One of the reasons that colour is such a powerful and important property is that it conveys information. Colour imparts meaning. If you see a big red button you may understand that something important or dramatic may happen if you press it. If someone is wearing bright yellow clothes it might imply something about their personality. Take a walk into a toy store and notice the swathes of pink in the girls’ section (though note that I don’t imply that this is a good thing; indeed, I would refer you to the pink stinks campaign in order that you may become a right-thinking person). But it is clear that the manufacturers of the toys believe that the colour pink will indicate that these are toys for girls and that its use may even make girls want to have these toys. If you see two washing-up liquids and one is green and one is yellow you might think that they would smell of apples and lemons respectively before you even open them! Colour sells. And part of the reason that colour sells is that it is informative. Colours have meanings.
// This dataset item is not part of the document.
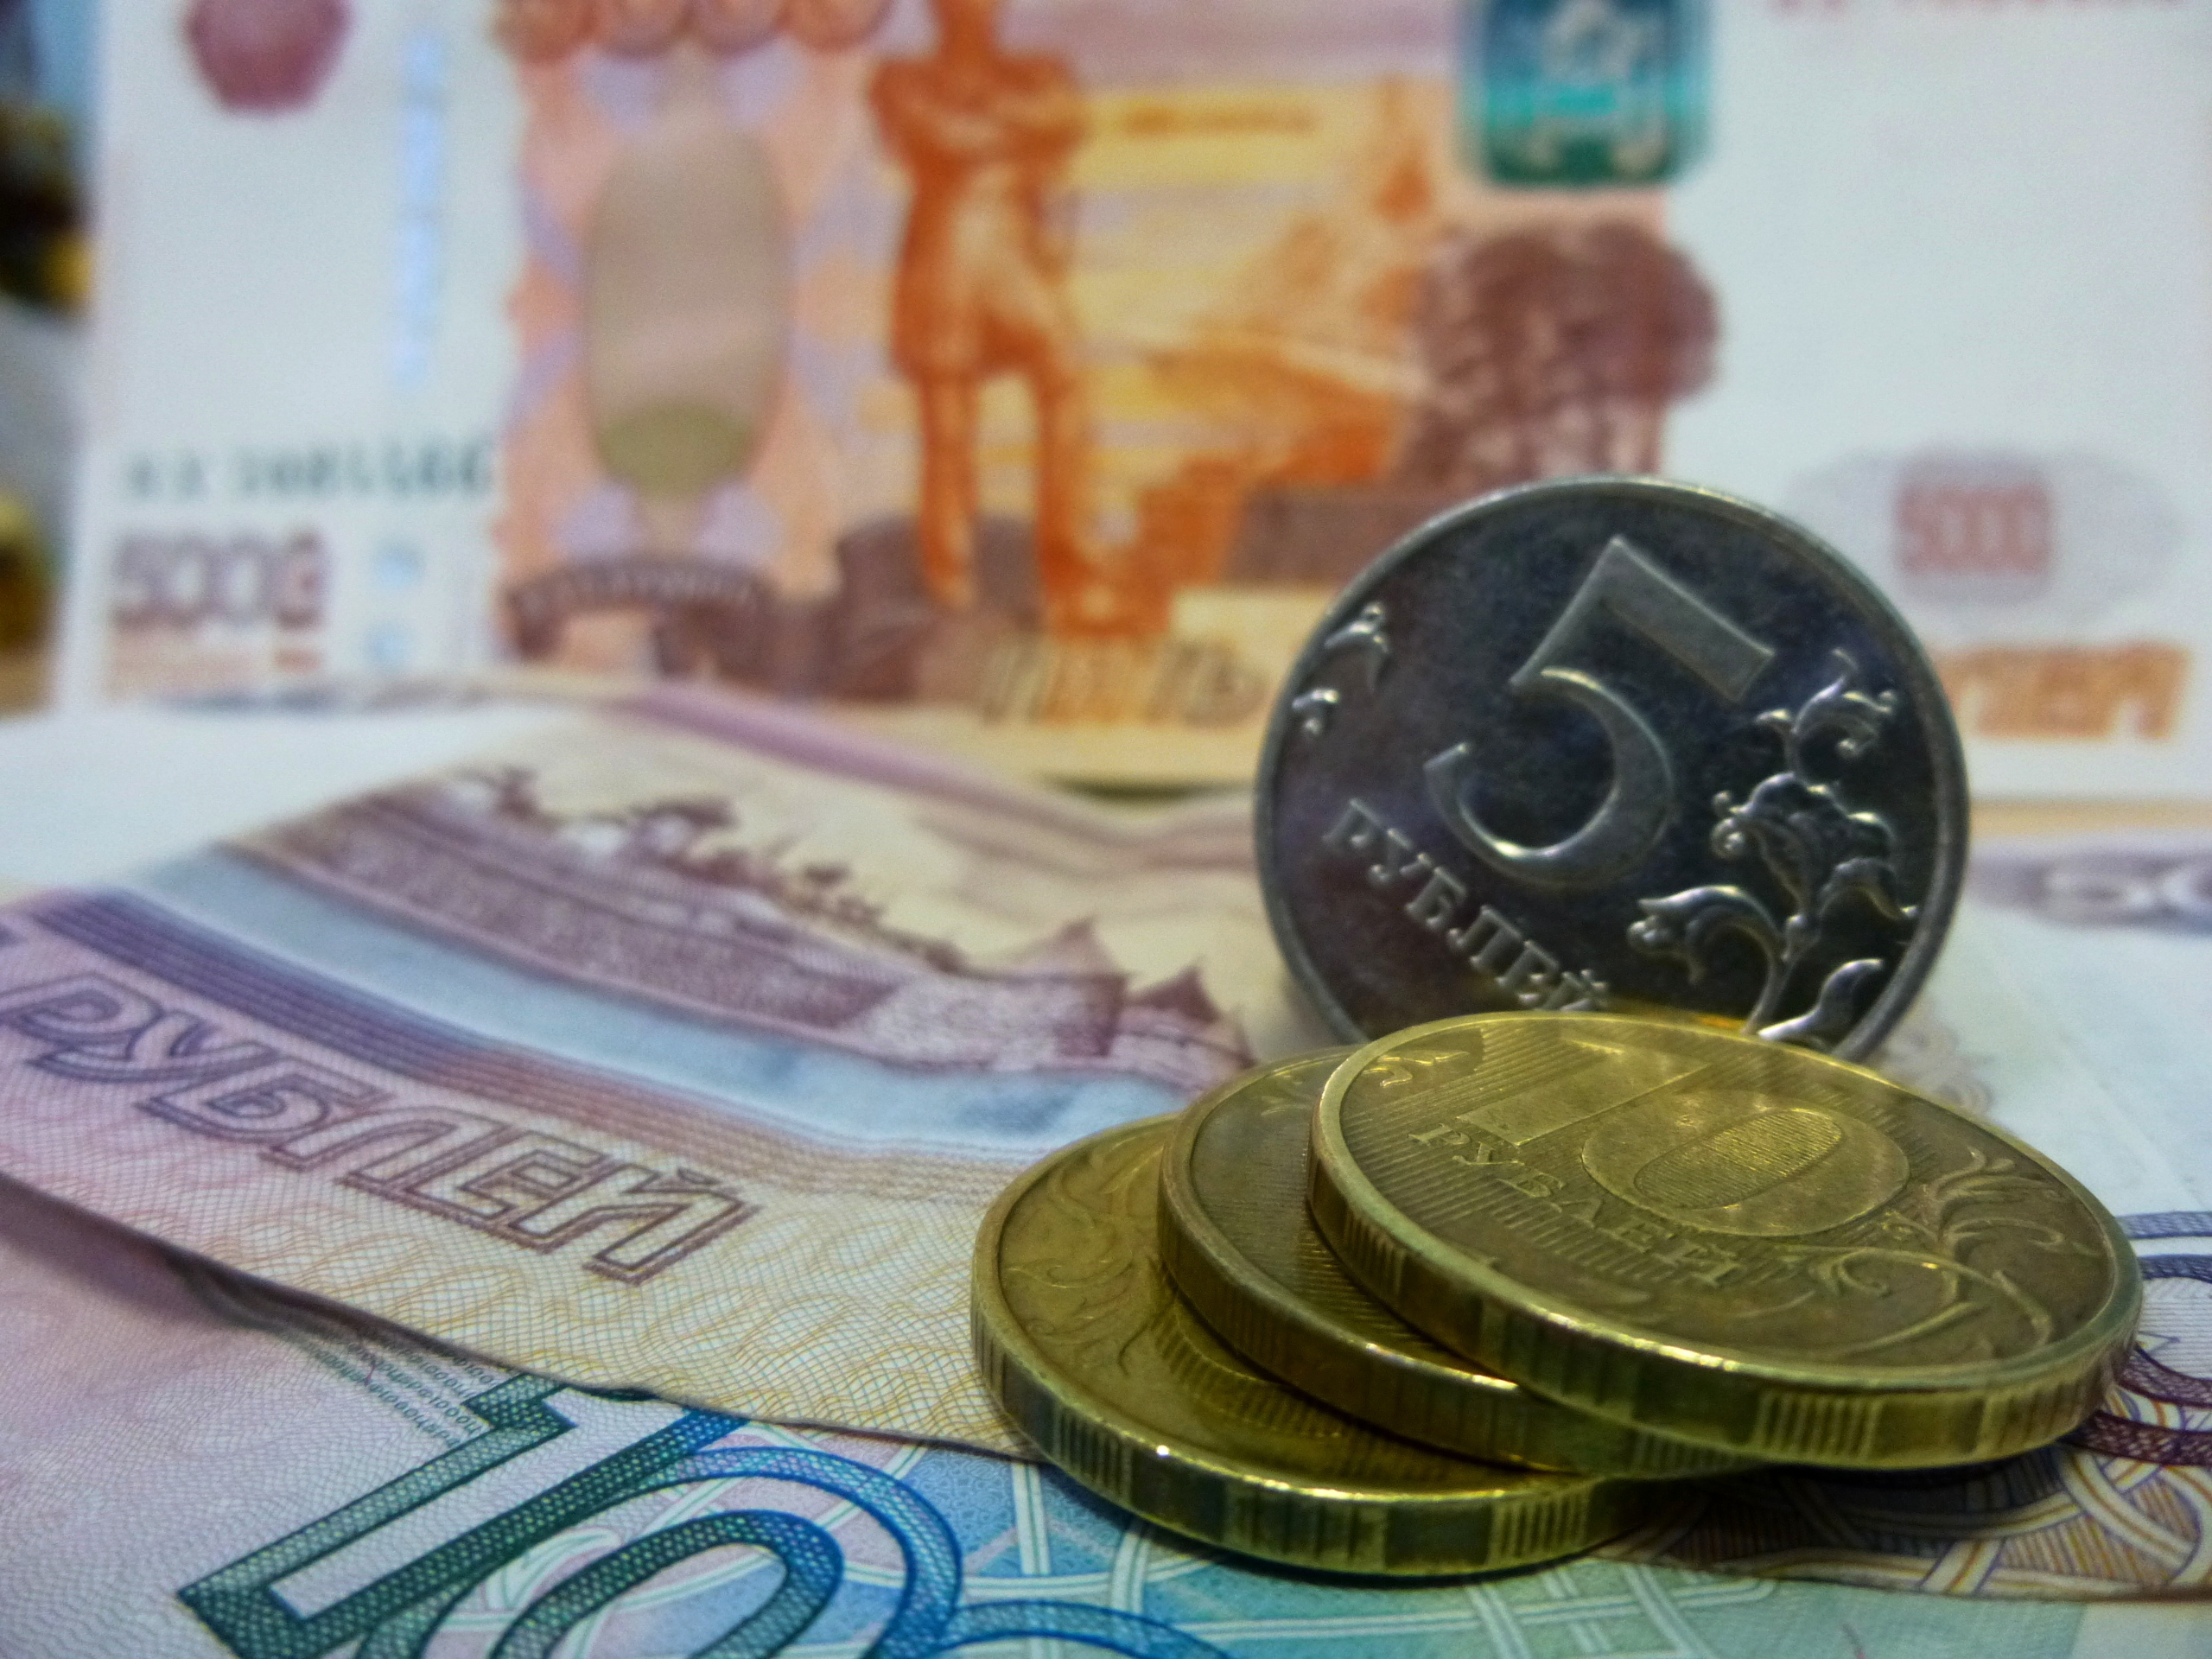 Строительная компания в Ижевске задолжала работникам 1,5 млн рублей
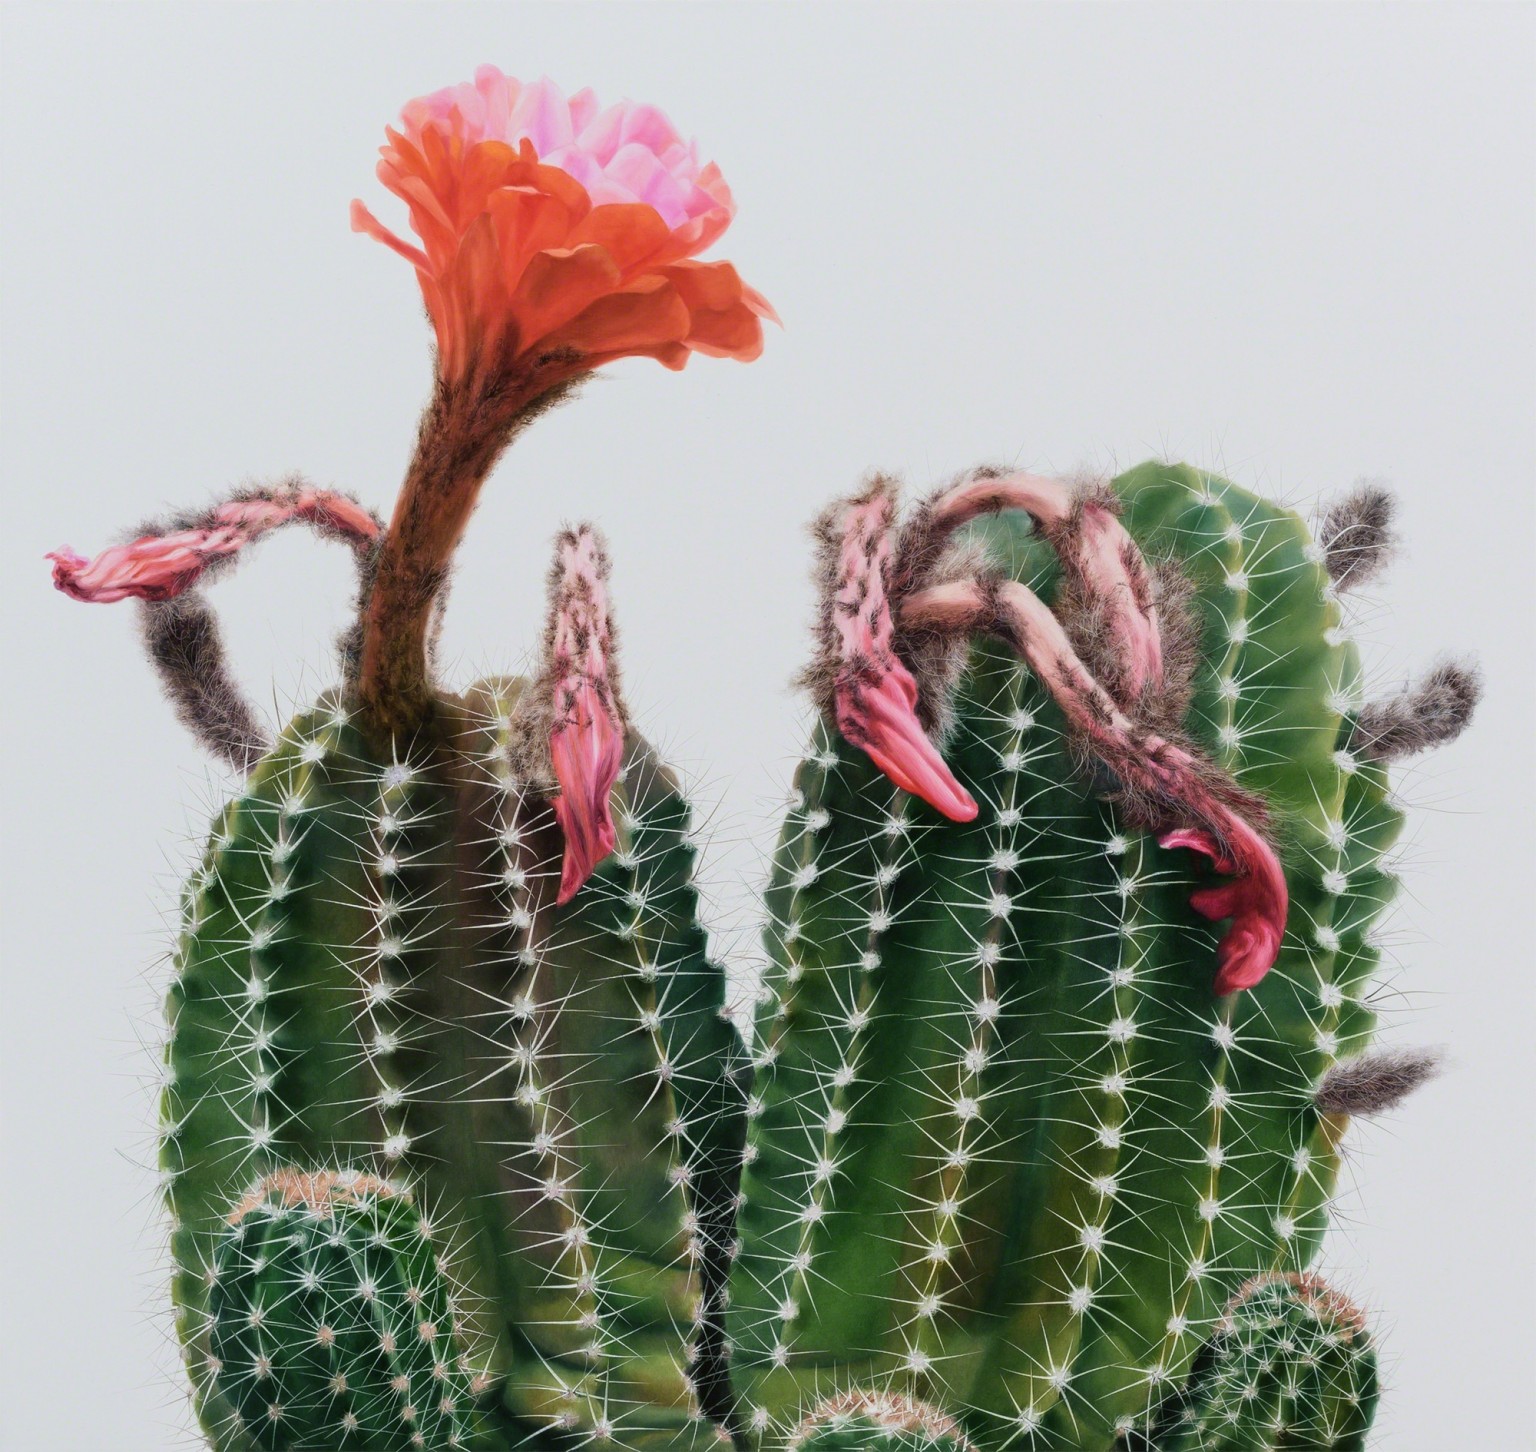 Hyperrealistic Cactus Paintings by Kwang-Ho Lee

But does colour per se have meaning or does colour only have meaning when it is an attribute of a product? The colour red on an emergency stop button may have one meaning but the colour red on the soles on Louboutin shows may have an altogether different meaning. And, of course, colours mean one thing in one culture but another in a different culture; black is commonly associated with death in the West but in China and some other countries in Asia death is more commonly associated with white. Nevertheless, I do believe that colour per se, that is colour in an abstract sense, does have meaning and there are a number of studies out there that tend to support me (though some social scientists, in particular, who would disagree).

What I mean by this is that if we take a culture, such as the UK, then a colour such as red will be associated with various ideas and concepts to varying degrees of strength. Red may take on different meanings when applied to different products (that is, in context). But is there any relationship between the abstract colour meaning and the product colour meaning? This is the question that Seahwa Won (who was a PhD student working with me) and I asked each other that led to a piece of work and an academic paper.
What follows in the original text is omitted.